The only relevant aspect of his character is his curiosity, and his willingness to ask simple questions that other people are afraid to ask or which other people take for granted.
Like, why do white people dominate the world? Why do men like to look at each other's penises? What does genocide mean?
The fact that he questions the meaning of the word "genocide" (the chapter in Chimpanzee where he wonders how Australia became white), does not mean that he is a Nazi, or condones the actions of the Nazis, or is a bad guy.
He's just questioning what the word means. There is nothing wrong with that.
Tudamorf
09-12-2010, 02:41 PM
So because German and European Jews survived the Holocaust means that it was not a genocide?Let's not dwell on semantics. I would call that an attempted genocide, but if you want to call it genocide as shorthand, it makes no difference.

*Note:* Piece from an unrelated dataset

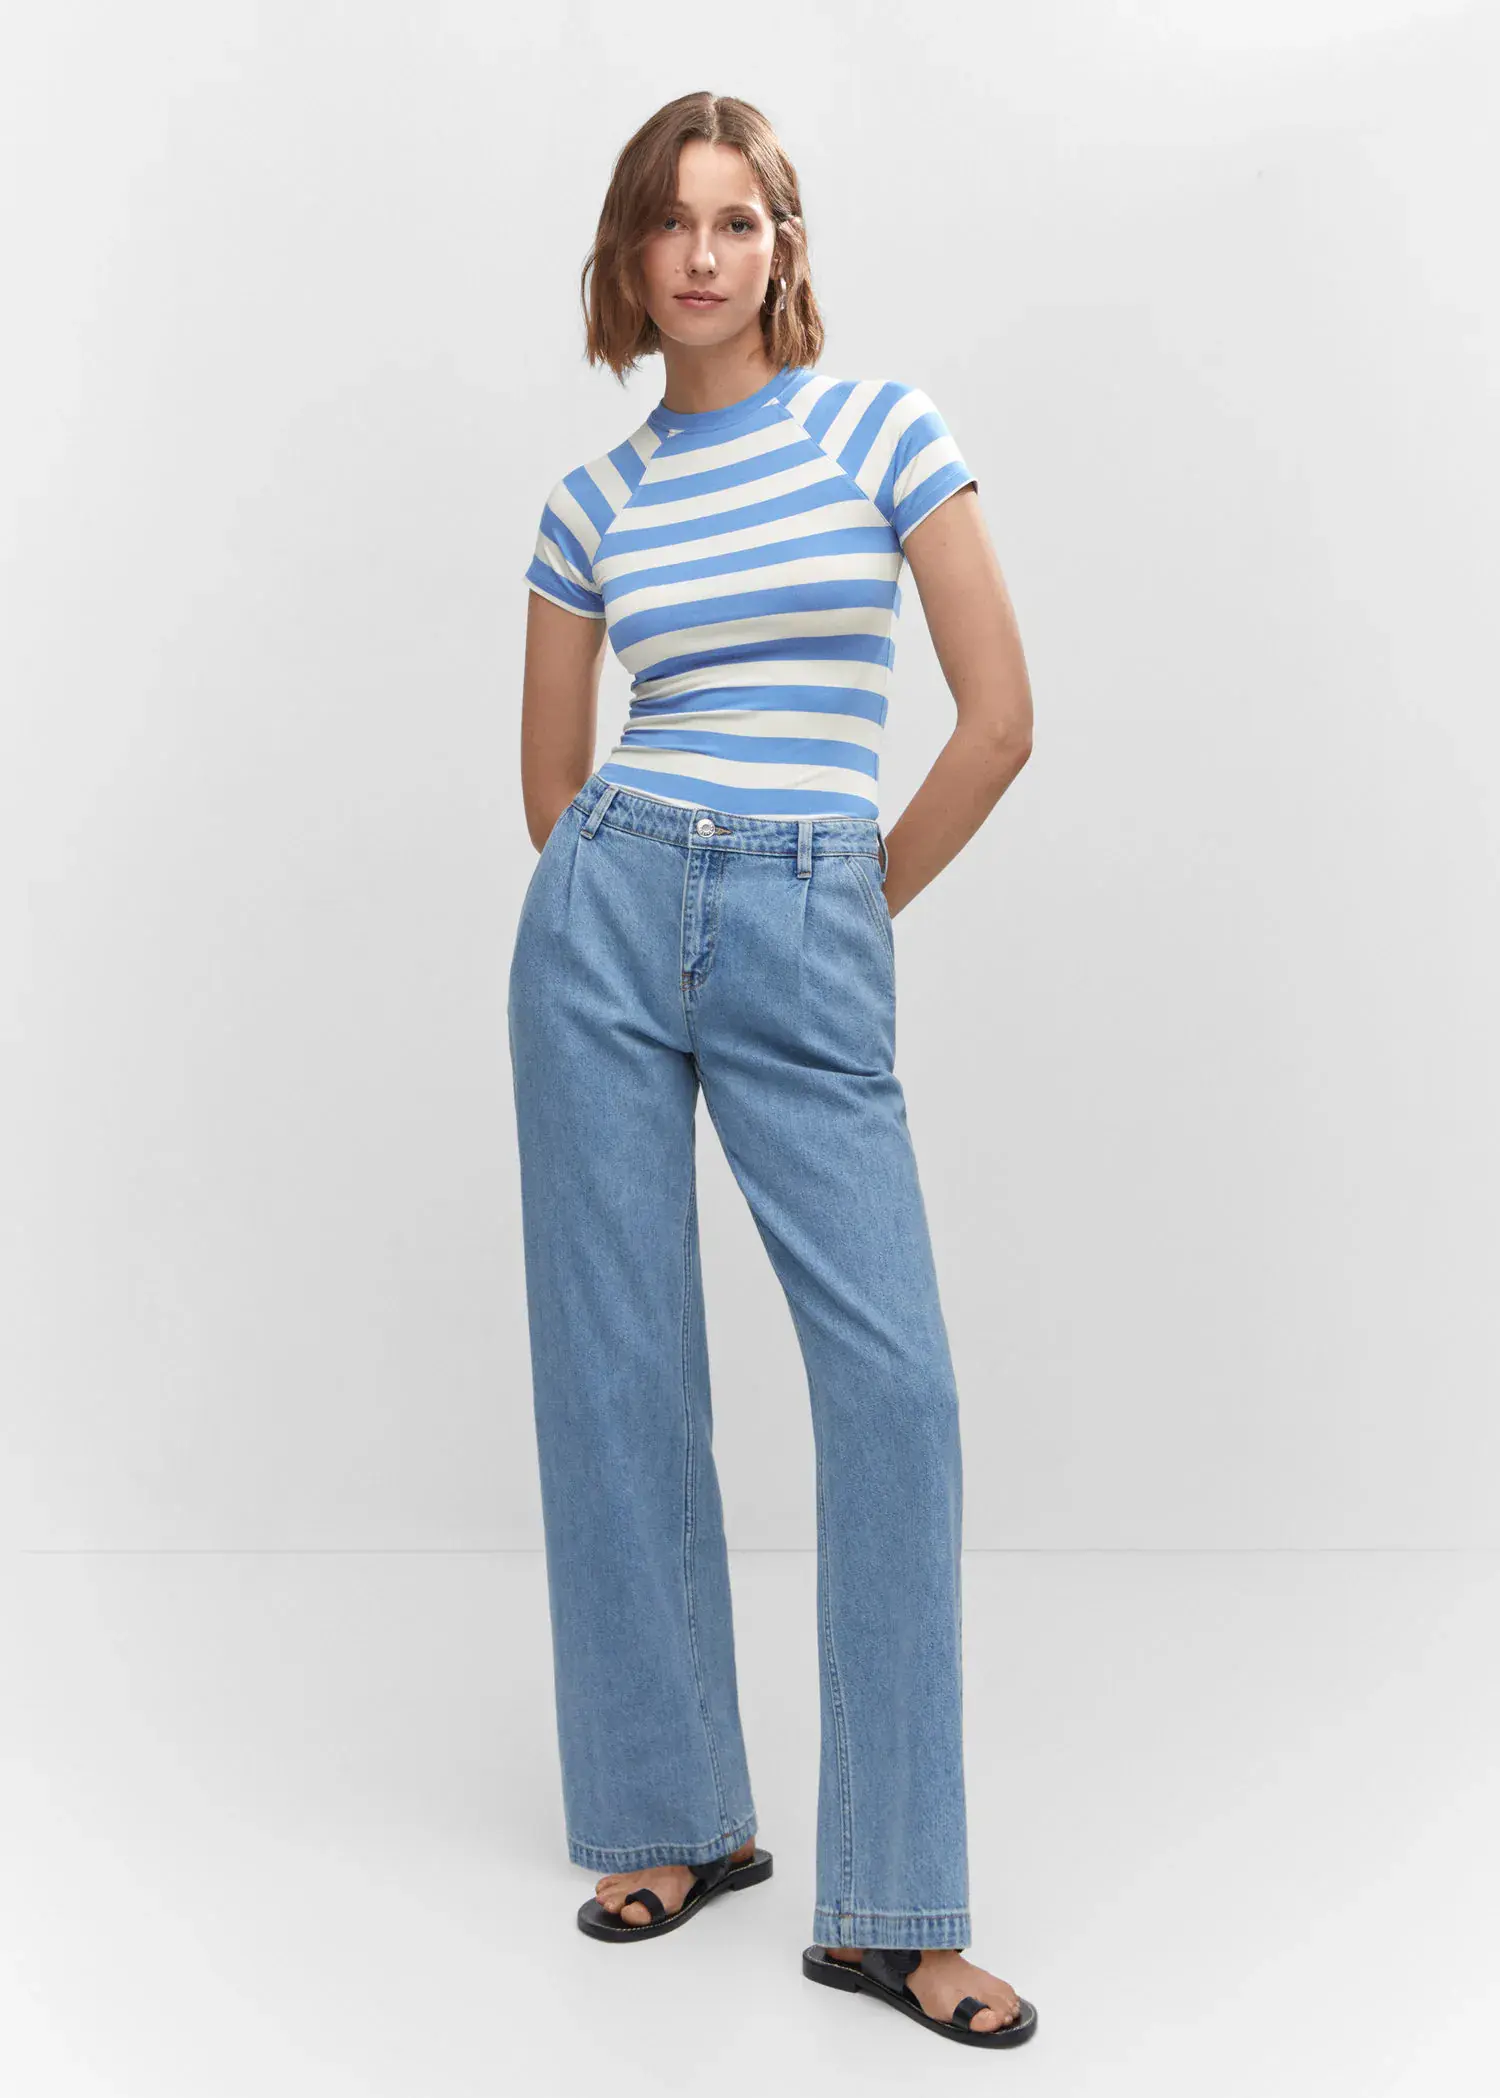 Mango Striped print T-shirt. a woman wearing a striped shirt and jeans.

Unlike the Rwandan war, at least the Nazi attempt was motivated in significant part by the desire to kill another race.
Panamah
09-13-2010, 01:29 AM
I saw the documentary too. I liked it, but it doesn't really replace the book at all. In fact, I don't remember seeing most of the stuff in the book, in the documentary.
Watch it again and tell us if you think Diamond is the kind of person that Tudamorf writes him as. Especially the end of the third part.
I did not say nor mean that the documentary was comparable to the book. I have not started it yet, let alone finished it. I've started Sex is Fun, the. Will read Chimpanzee after that and save G g& s for last.
I don't think that Tudamorfs interpretation of what Diamond means to say(but does not say) in Collapse is accurate.